1 Introduction
2 Boxplots
- 2.1 Interpeting the boxplot
- 2.2 Compare the distribution for multiple categorical groups
3 Showing addtional data labels
- 3.1 Summary data labels
- 3.2 add a mean data point to the chart

1 Introduction

In this vignette I will explore the use of charts to display basic descriptive statistics in order understand the mean and spread of a variable in a dataset. First I will use the summary() function in R, plot a histogram to show the distribution of the variable, then use a boxplot to further examine the distribution of the variable and highlight key data points that represent the mean, median, 1st and 3rd quantiles and outliers.

1.1 The gapminder dataset

For this example, I will be using the gapminder data set. The gapminder dataset is a excerpt of data found on the Gapminder website and published through the R package gapminder. To get the dataset you must install the package: install.packages(gapminder) and reference the library in your code: library(gapmidner).

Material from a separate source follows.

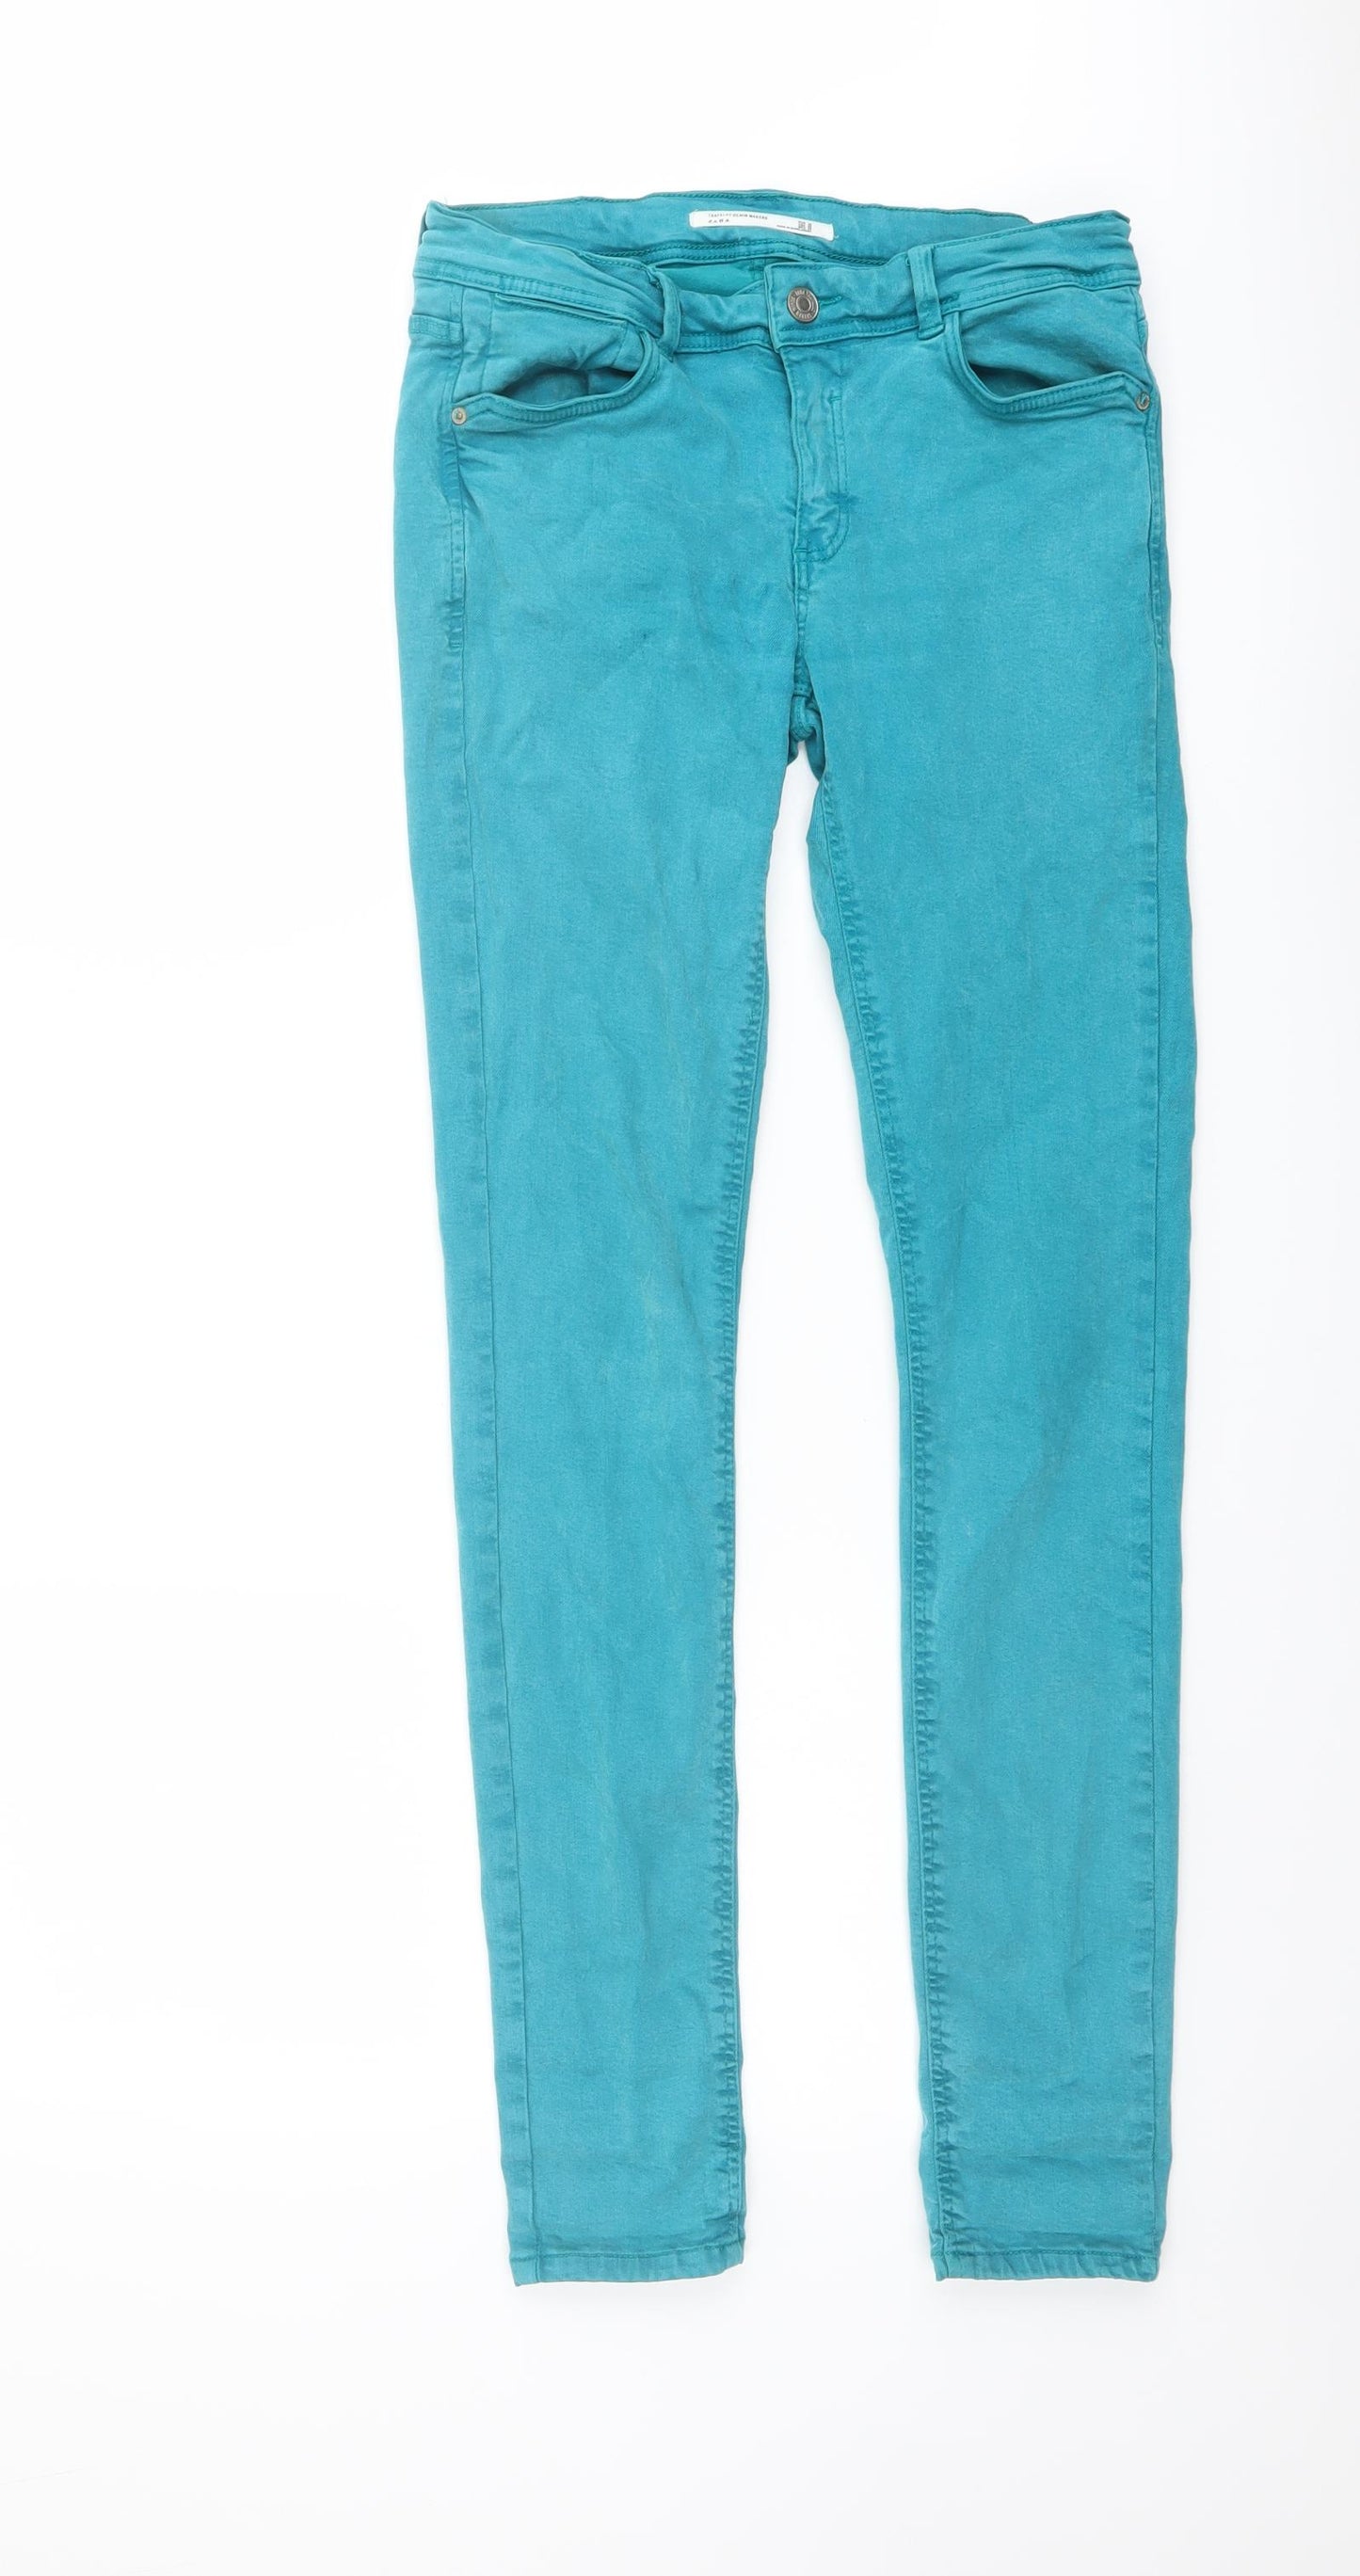 Zara Womens Green Cotton Straight Jeans Size 10 L30 in Regular Button

In this vignette we will use the year, continent and lifeExp variables to demostrate concepts covered in this vignette.

df <- gapminder

knitr::kable(df %>% head(10), caption = "Table: Gapminder dataset (Sample)")

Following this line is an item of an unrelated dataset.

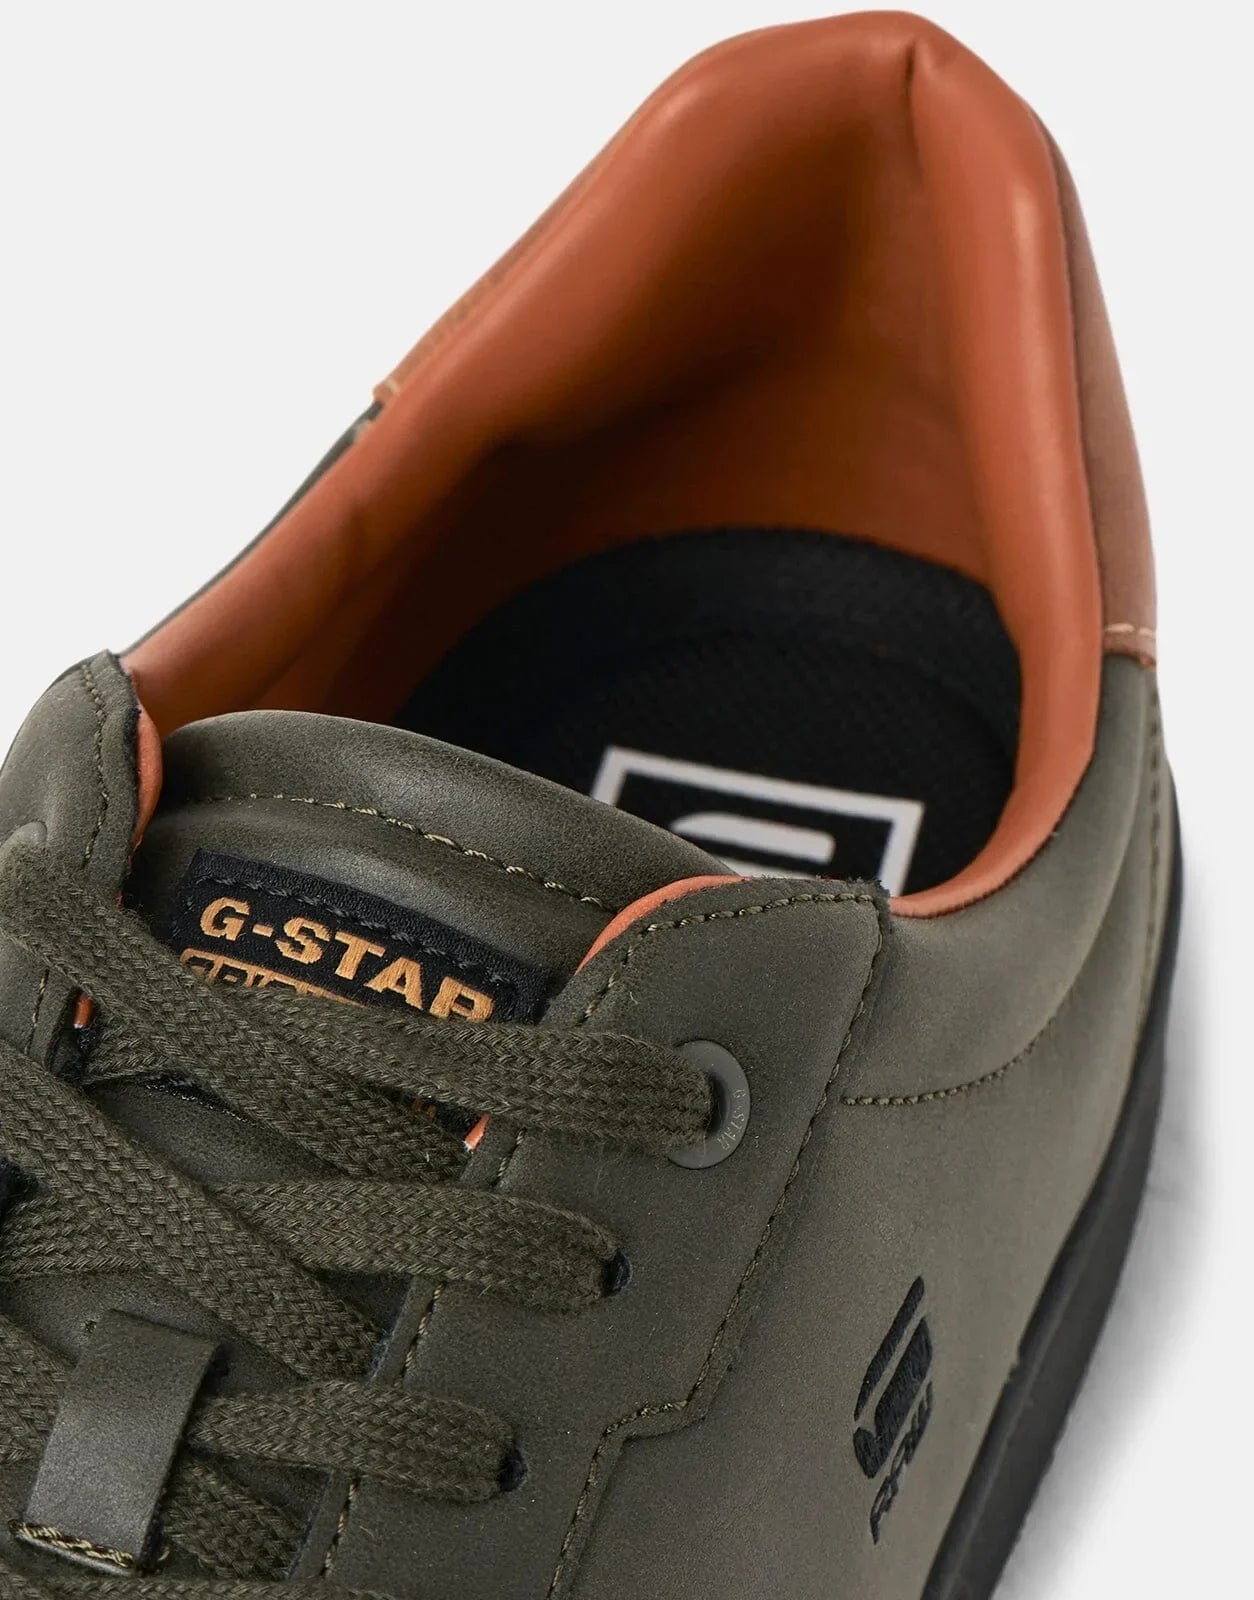 G-Star RAW Cadet Bo Sneaker

Table: Gapminder dataset (Sample)
country	continent	year	lifeExp	pop	gdpPercap
Afghanistan	Asia	1952	28.801	8425333	779.4453
Afghanistan	Asia	1957	30.332	9240934	820.8530
Afghanistan	Asia	1962	31.997	10267083	853.1007
Afghanistan	Asia	1967	34.020	11537966	836.1971
Afghanistan	Asia	1972	36.088	13079460	739.9811
Afghanistan	Asia	1977	38.438	14880372	786.1134
Afghanistan	Asia	1982	39.854	12881816	978.0114
Afghanistan	Asia	1987	40.822	13867957	852.3959
Afghanistan	Asia	1992	41.674	16317921	649.3414
Afghanistan	Asia	1997	41.763	22227415	635.3414

1.2 Basic summary

A descriptive summary can be produced on the data set or any variable using the summary() function. The function call on a numeric variable will show data range of the variable, mean, min, max and the 1st and 3rd quantiles.

summary(df$lifeExp)

##    Min. 1st Qu.  Median    Mean 3rd Qu.    Max. 
##   23.60   48.20   60.71   59.47   70.85   82.60

This information is useful, but you often require more detailed look at the spread and distribution of the data. Using histogram and boxplot charts can help getting more understanding of the data.

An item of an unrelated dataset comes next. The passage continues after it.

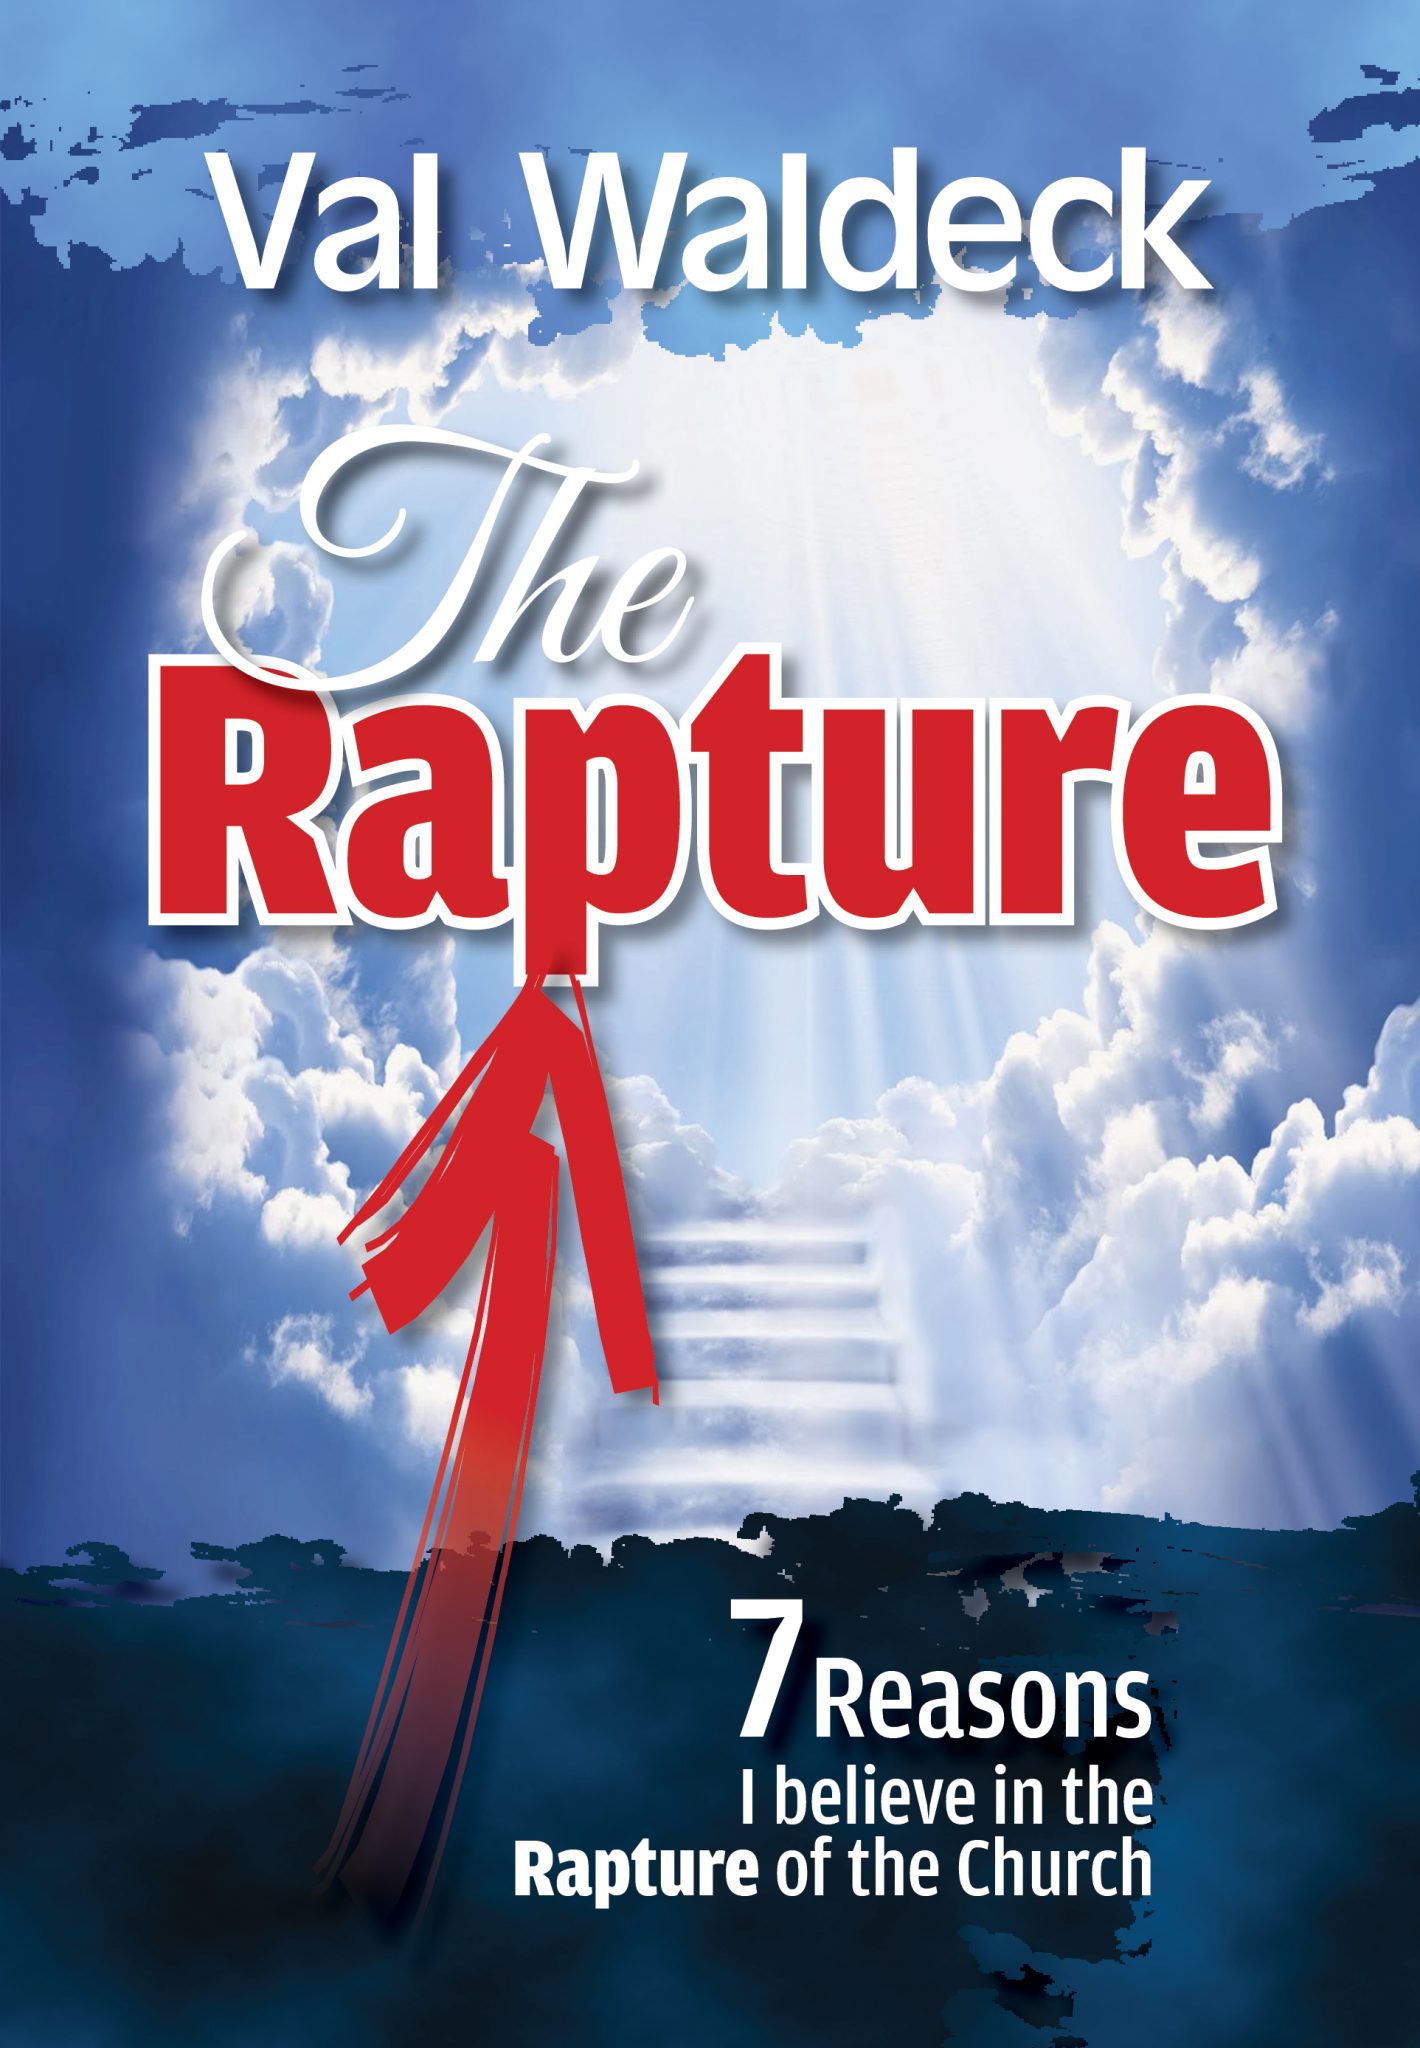 rapture bible study for kids

1.3 Distribution using histograms

Histograms are useful charts to show the frequencies of variables in a dataset.

The below histogram of life expectancy in the year of 1952 clearly shows that the distribution of the data is bimodal, meaning there are two peaks, one around the 40 years of age, and one around the 65 years of age.

df %>% filter(year == 1952) %>%
  ggplot(aes(x=lifeExp)) + 
  geom_histogram(binwidth = 2) + 
  theme_light() +
  labs(title = "Life Expectancy", 
       subtitle = "year 1952",
       y = "Count", 
       x = "Life Expectancy")

Faceting the chart over continents can reveal more detailed distribution; africans tended to live shorter that the rest of the world in 1952.

df %>% filter(year == 1952) %>%
ggplot(aes(x=lifeExp)) + 
  geom_histogram(binwidth = 2) + 
  theme_light() +
  labs(title = "Life Expectancy", 
       subtitle = "year 1952",
       caption = "... by continent",
       y = "Count", 
       x = "Life Expectancy") + 
  facet_wrap(~ continent)

2 Boxplots

The boxplot is a good chart option to show the distribution of a variable. It displays key summary statistics: median, 1st and 3rd quantiles (and two whiskers), and outlier points in a compact form.

df %>% filter(year == 1952, continent=='Europe') %>%
ggplot(aes(y=lifeExp)) + 
  geom_boxplot() + 
  theme_light() +
  labs(title = "Life Expectancy", 
       subtitle = "year 1952",
       caption= "... for Europe",
       y = "Life Expectancy", 
       x = "")

note that the continous variable is specified as a y aestatic in the ggplot function call ggplot(aes(y=lifeExp))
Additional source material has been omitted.